In the past weeks, we have received interpretations from Trey’s cardiology results. Trey’s valves have thickened a small amount. However, the good news is, the thickening is so insignificant that it does not affect the function of his valves or heart. In my lay person understanding of this issue, the problem with build up on and thickening of the valves is that once the values are thick enough, they do not close properly and therefore start letting blood leak back into the other chambers of the heart which taxes the heart and makes it work less effectively and grow in size.
Trey has also recently seen his physio (PT) and occupational therapists (OT).

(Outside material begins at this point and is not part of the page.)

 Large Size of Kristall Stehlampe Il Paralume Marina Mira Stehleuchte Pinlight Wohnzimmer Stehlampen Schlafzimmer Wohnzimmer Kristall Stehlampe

Overall, Trey’s joints are doing well and are maintaining their range, but his PT and OT are concerned about his right wrist and left elbow. We have an appointment in mid August to have a splint made for his right wrist.
In the past year, the MPS II Research Fund has given $44,000 to research. We want you to know that your donation is going into research, nothing else, and we also want to share the research with you because it is very interesting and exciting! If you have any questions or would like more details, please don’t hesitate to call or email.

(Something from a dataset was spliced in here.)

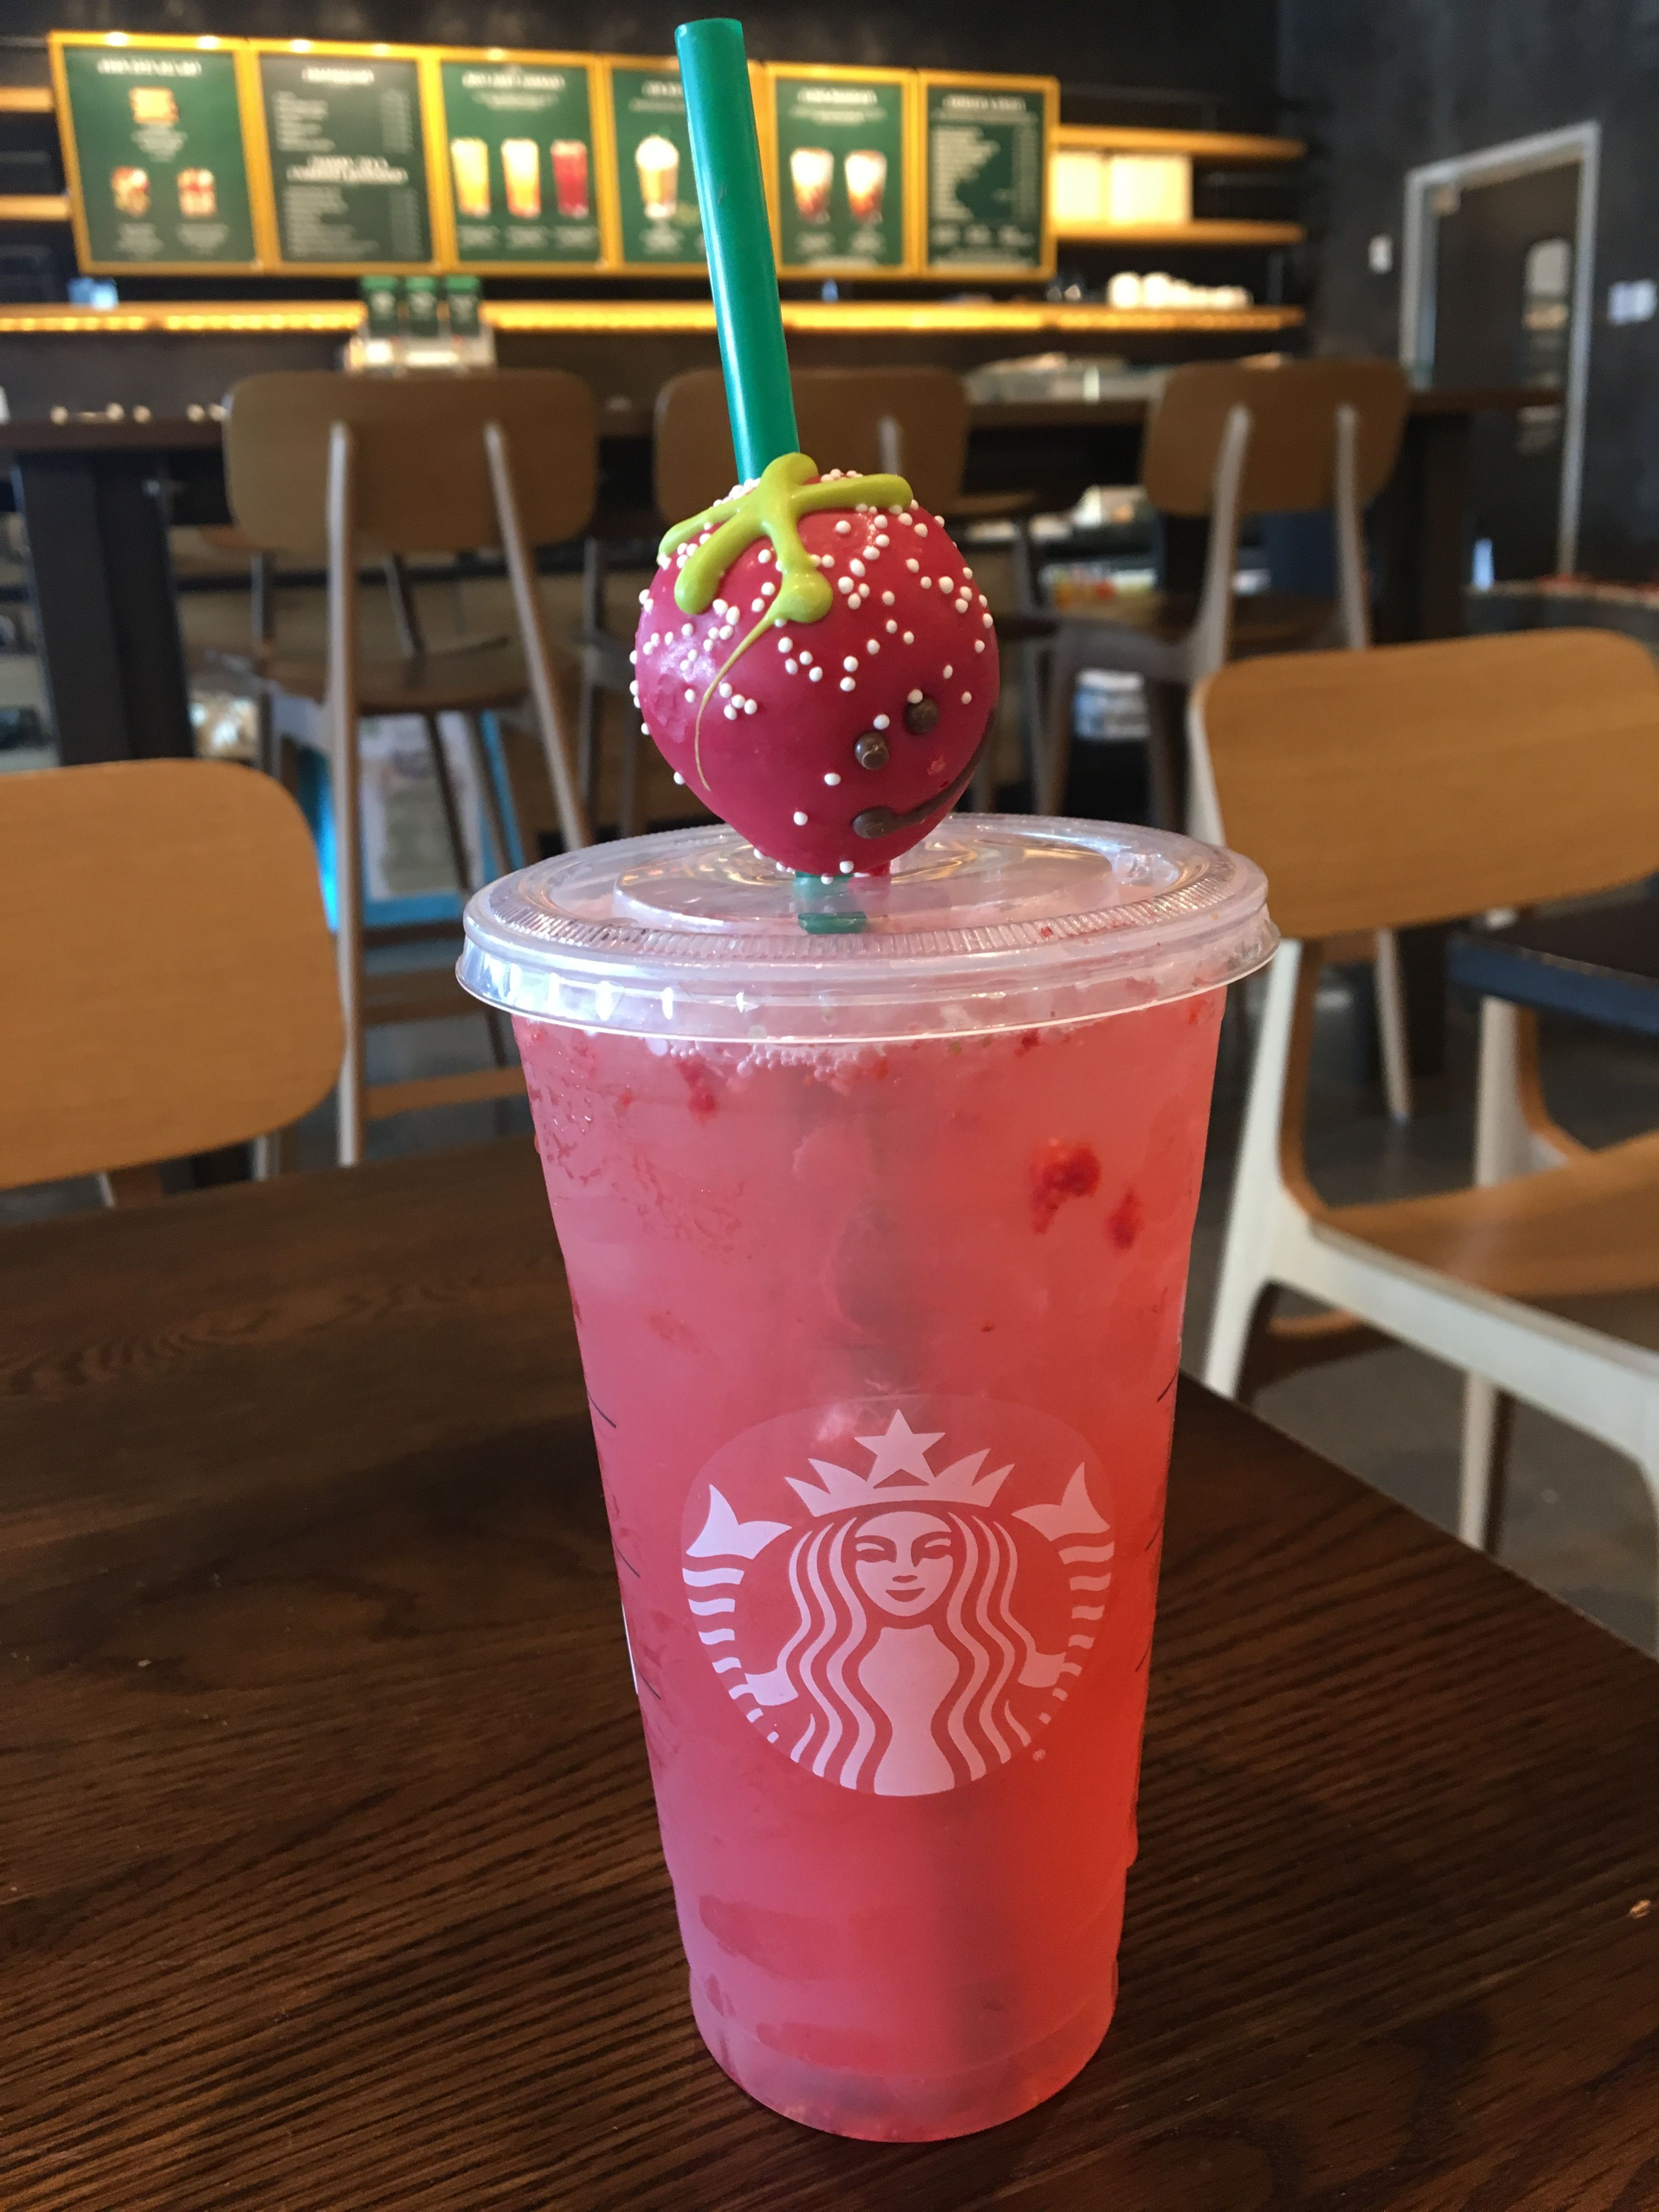 Pin De Nataliamoscoso En Gato Bebidas De Starbucks Starbucks Fondo De Pantalla Iphone Disney

I also want to tell you about something called the ‘Hunter Disease eClinic.’ A clinical fellow from the Hospital for Sick Children in Toronto presented on it at the Symposium and it is unreal. It is a training tool for for doctors and practitioners who work with kids affected by Hunter’s. Because Hunter Syndrome is so rare, many doctors and other care providers are uneducated in the nuances of this difference. This makes it difficult when we are sent to doctors who are experts in their field, but have no idea about Hunter’s. Often parents know more about how to treat issues than doctors. And since the storage of GAGs in the MPS’s affect the body so differently than other diseases, this resource is invaluable. I could go on about this. I was blown away. It is definitely worth checking out. Go to: http://www.sickkids.ca/research/lysosomalresearchgroup/
This doctor is now working on making eClinics for all the other forms of MPS.